Bill Aldridge - Artist

                         

About my work

Many thanks to the many who visited my exhibition in Hampstead and especially to the buyers who made it a success. My cards and prints will continue to be available from the shop in Burgh House. My next exhibition - Souvenirs of London - will be in the gallery at St Martin in the Fields from Monday 28 September to Friday 9 October 2009. Many more works around the Covent Garden, Mayfair, Marylebone and Westminster areas of London will be included and there will be a good selection of reasonably priced prints. Please look again at the website around the beginning of September, when there will be more information. 

My work falls into four main categories, though I am constantly exploring new avenues to keep my paintings fresh and alive! London scenes predominate and if I were to characterize the main features of these, I would say they express a fascination in the spaces formed by light and shade and colour and how those spaces interact with the people. A lot of my work is done around North and Central London. All the works are completed outside on location, creating a unique record of that particular place and time. The work has to be completed within a couple of hours, otherwise the light changes too much. This contributes to the liveliness of my style.

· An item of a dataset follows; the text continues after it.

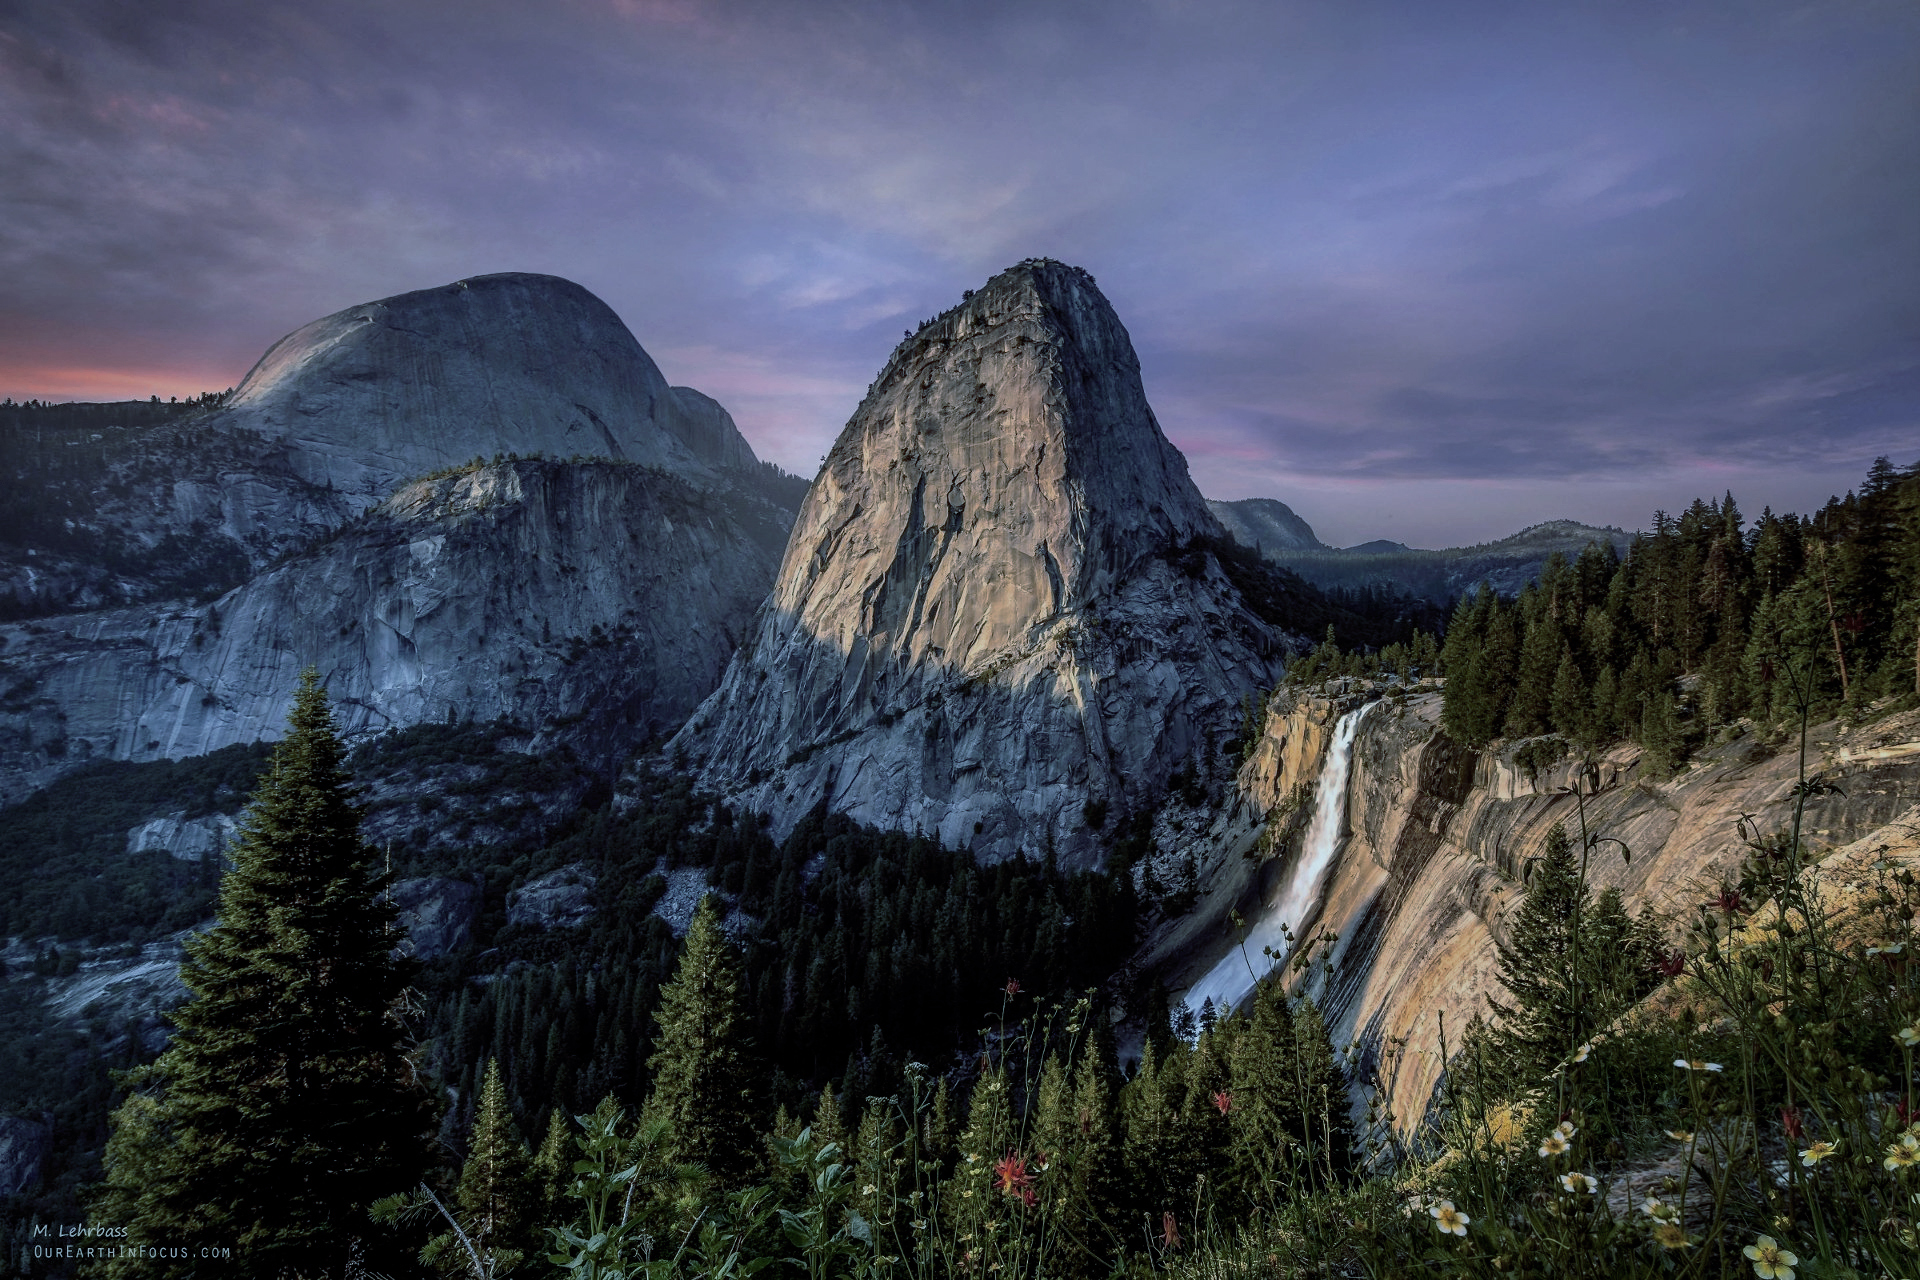 General 1920x1280 mountains trees waterfall Yosemite National Park Mark Lehrbass watermarked Half Dome California USA

I trained at the City Lit, Prince’s Drawing School, Mary Ward Centre, and at the Yale Summer School of Art. I am also a member of the Federation of British Artists. My work has been exhibited at the Mall Galleries, the Footstools Gallery at St Johns Smith Square, Morley College, Westminster Open Arts 2008, Drawntogether 2008 (Princes Drawing School) and at the Yale Summer School in Norfolk, Connecticut USA. I have also completed several private commissions and my work is owned and enjoyed in Australia, the USA and Japan as well as in the UK. I am Artist in Residence at Fenton House, the National Trust property in Hampstead and I am secretary to the Drawing London group .

Life studies and other studio work form the next major part of my work. There is no way to fool the eye with a drawing of a life model – it has to look and feel right. Models move because they are alive and their muscles flex and they breathe, surprisingly! The liveliness of the model, as well as the line, has to find its way onto the paper. I love the challenge! 

Portraiture is a developing area for me and I will be doing more of these through the coming months. I have also written and illustrated a couple of children’s books for our 4 year old grandson and have written and illustrated a couple of travelogues. I have been asked to develop the illustrations for a new children's book to be published at the end of the year.